Extended-spectrum ß-lactamases (ESBLs) have emerged among Gram-negative bacteria; predominantly Klebsiella pneumoniae and, to a lesser extent, Escherichia coli and other species. Most ESBLs are mutants of the classical TEM and SHV enzymes, but since 1995 a rapid increase in the number of CTX-M variants has been reported among enterobacterial isolates from hospitalized patients.1 CTX-M enzymes hydrolyse and confer resistance to cefotaxime preferentially over ceftazidime and exhibit a higher susceptibility to tazobactam than to clavulanic acid. Currently, the CTX-M family includes almost 40 variants, divided between five major amino acid sequence subtypes (see www.lahey.org/studies/other.asp#table1).1 They are most prevalent in South America and the Far East, but have also been disseminated in several European countries.13 Recently, CTX-M-type ß-lactamases were reported among E. coli isolates from Greece.4

During February 2003–February 2004, 426 E. coli isolates were recovered consecutively from hospital-acquired infections of separate patients hospitalized at the University Hospital of Larissa, Thessalia, Greece.
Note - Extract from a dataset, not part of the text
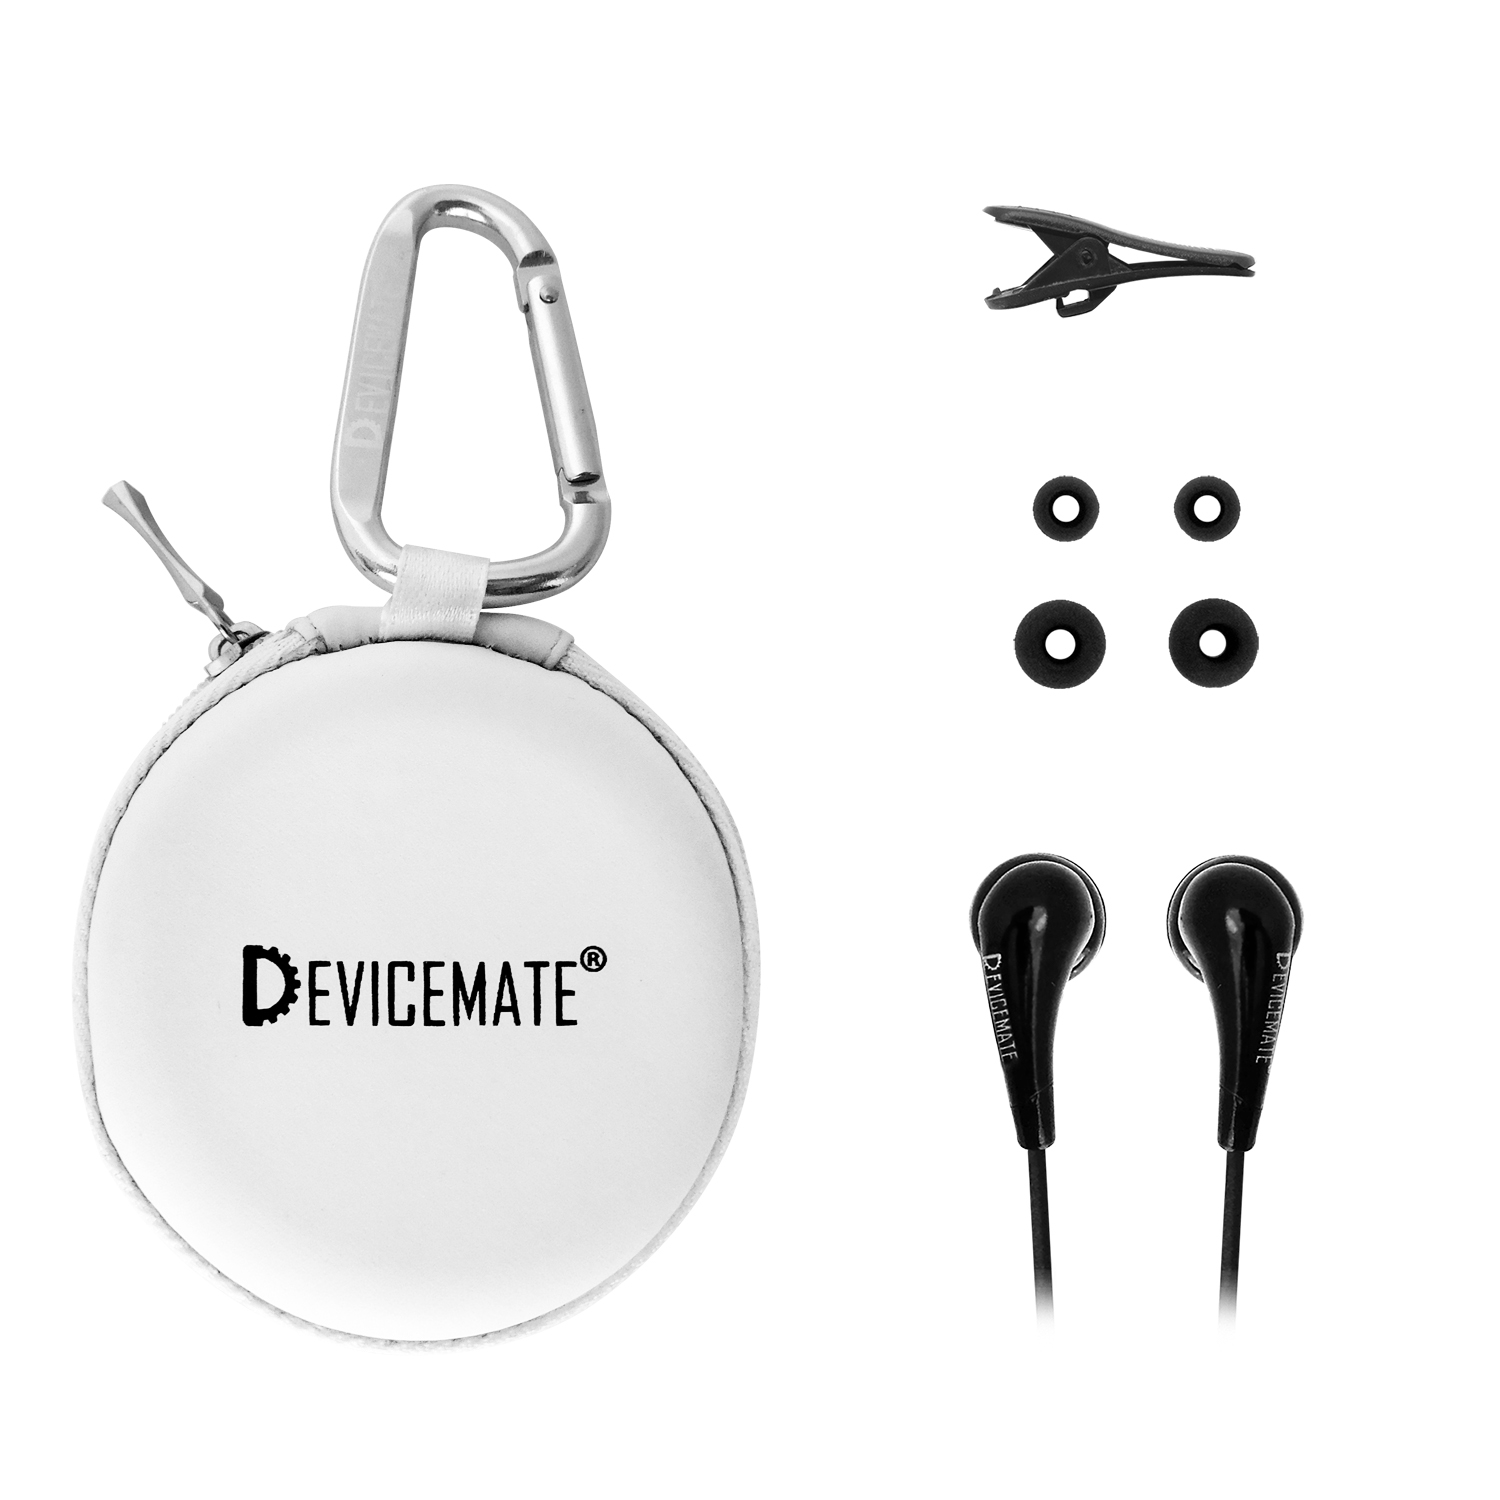 DEVICEMATE®SD 255-GWT In-Ear Stereo Earphones Glacier White Case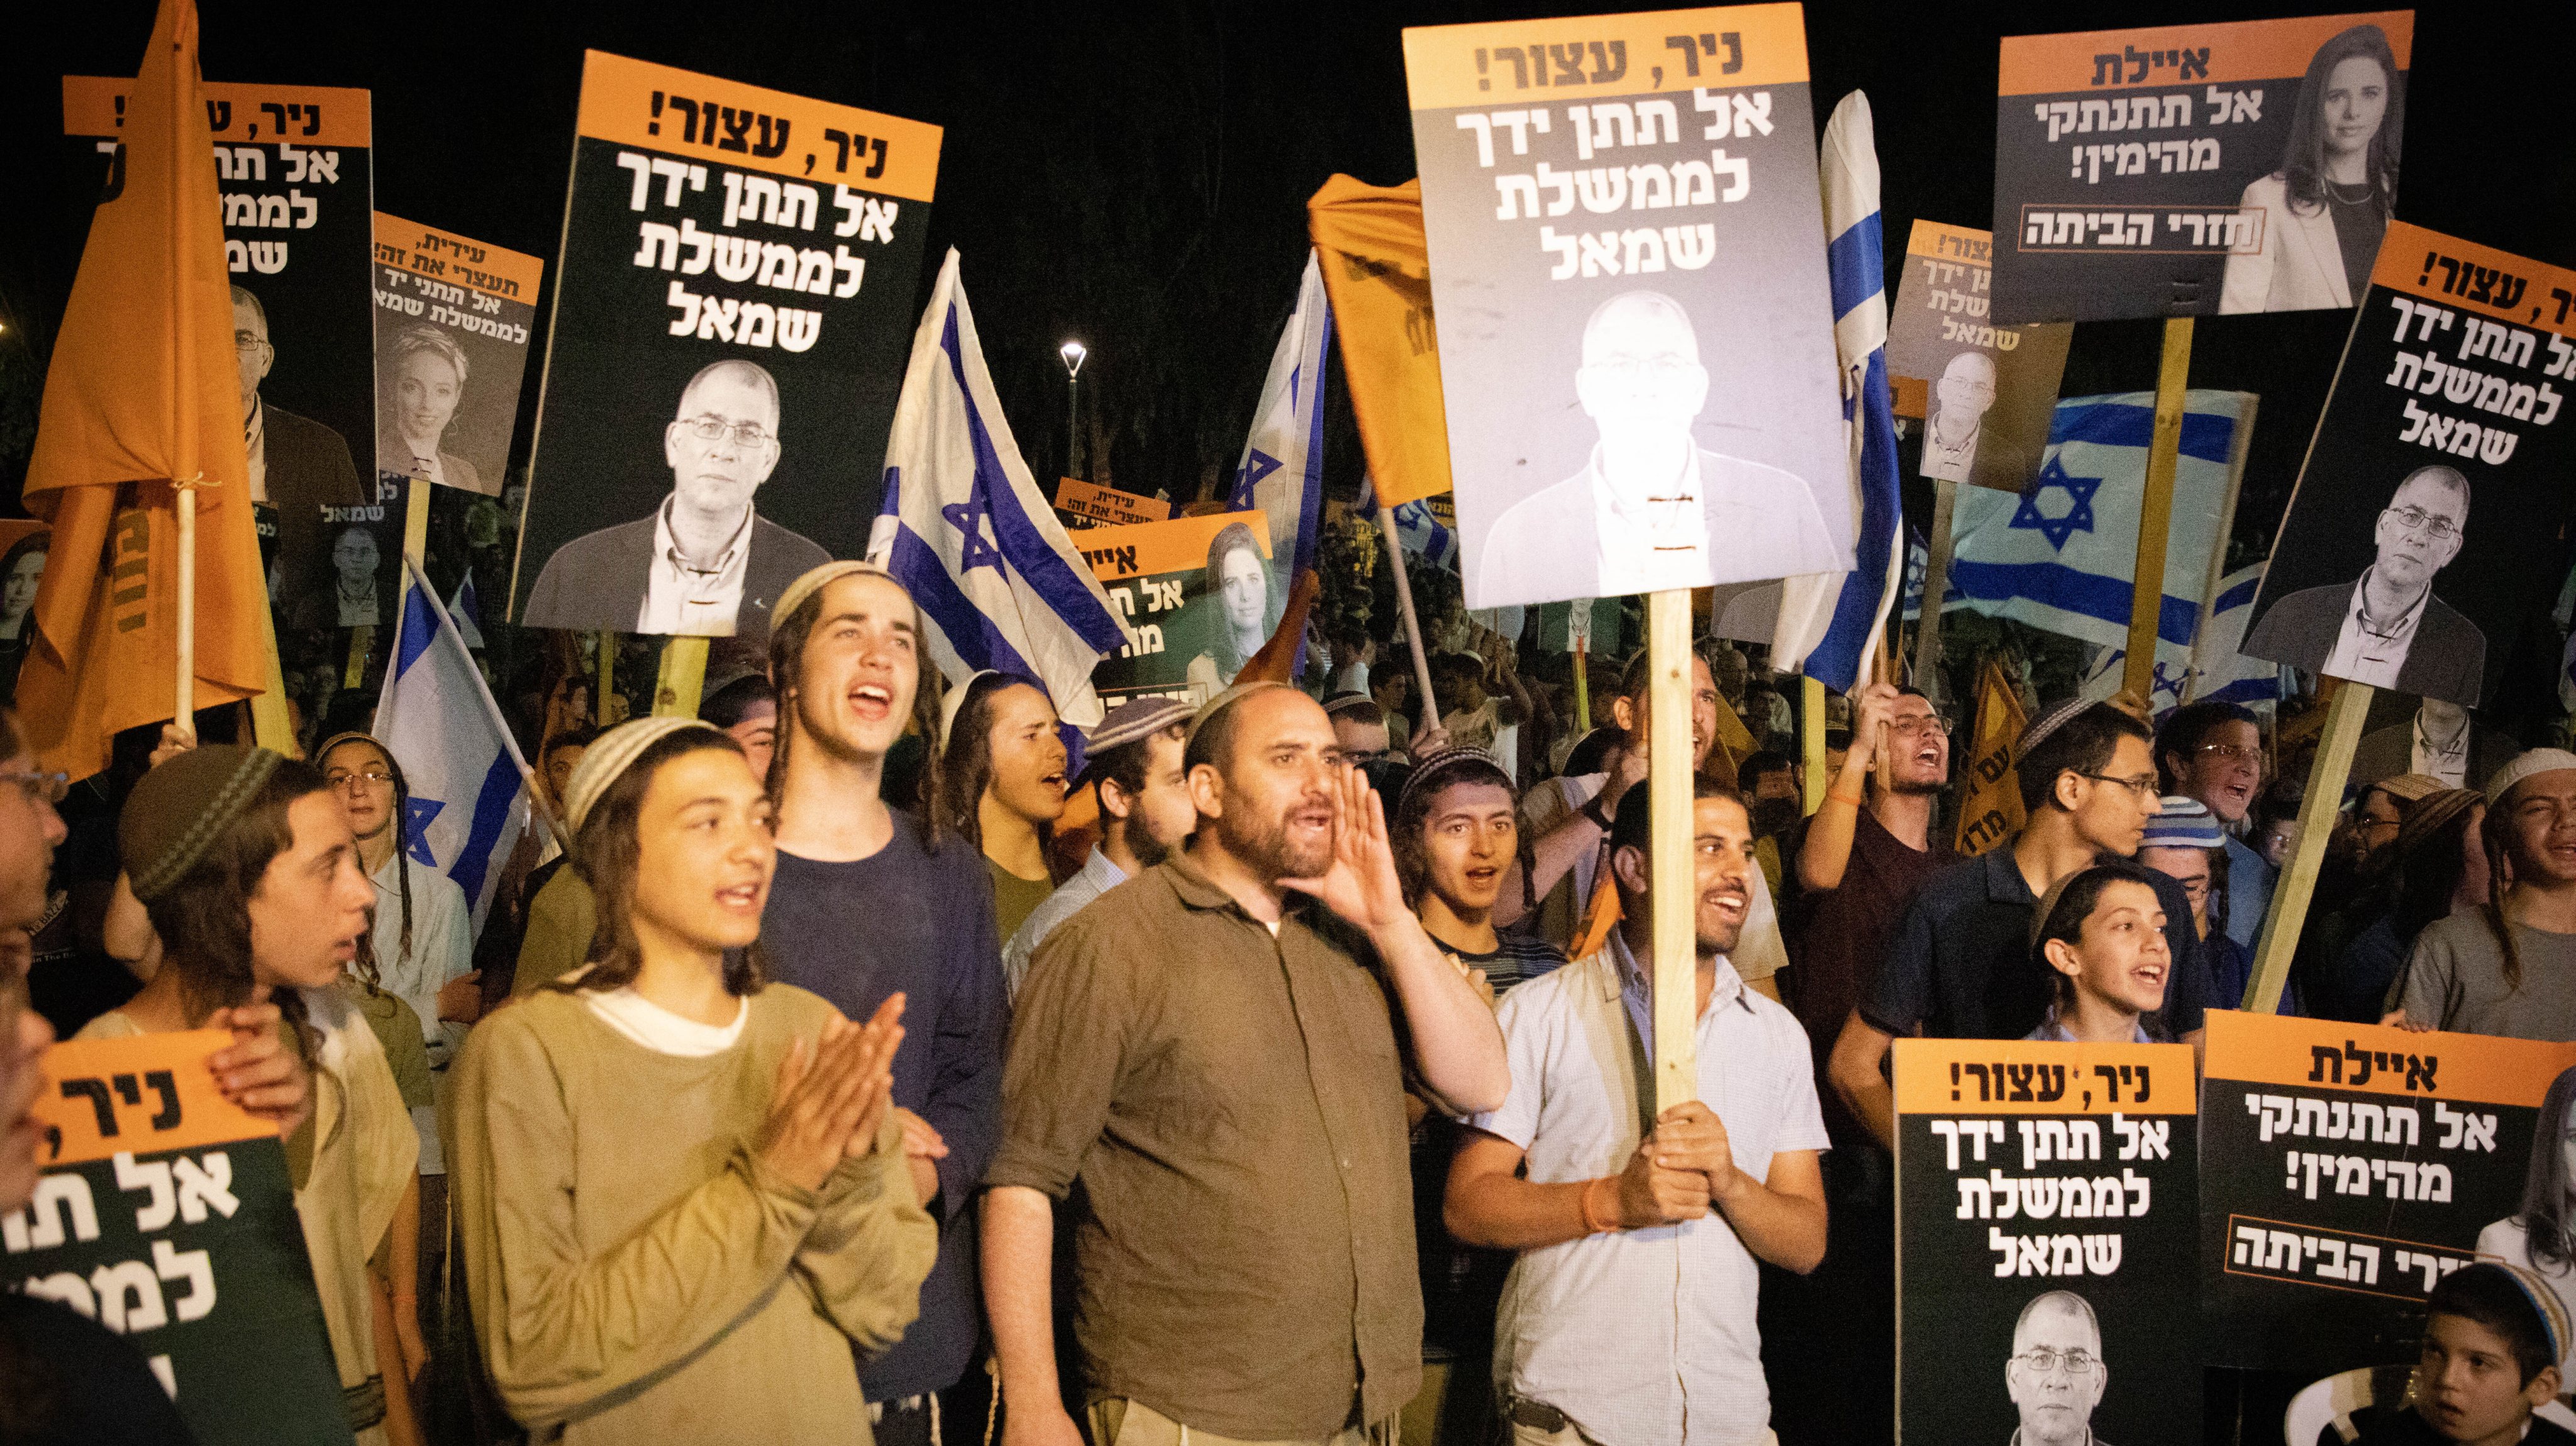 Protest of right-wing Israeli supporters of Prime Minister Benjamin Netanyahu

Twenty-three (5.4%) of the isolates were confirmed as ESBL producers by the Etest ESBL screening method (AB Biodisk, Solna, Sweden) using cefotaxime and ceftazidime plus clavulanate. MICs of ß-lactams against these isolates were determined using Etest, whereas susceptibility testing against other antimicrobials was performed by the disc diffusion method on Mueller–Hinton agar.5 Against all but four of these isolates, the cefotaxime MIC was at least eight-fold higher than that of ceftazidime. Third-generation cephalosporins and aztreonam exhibited a notably variable efficacy against the ESBL producers (Table 1).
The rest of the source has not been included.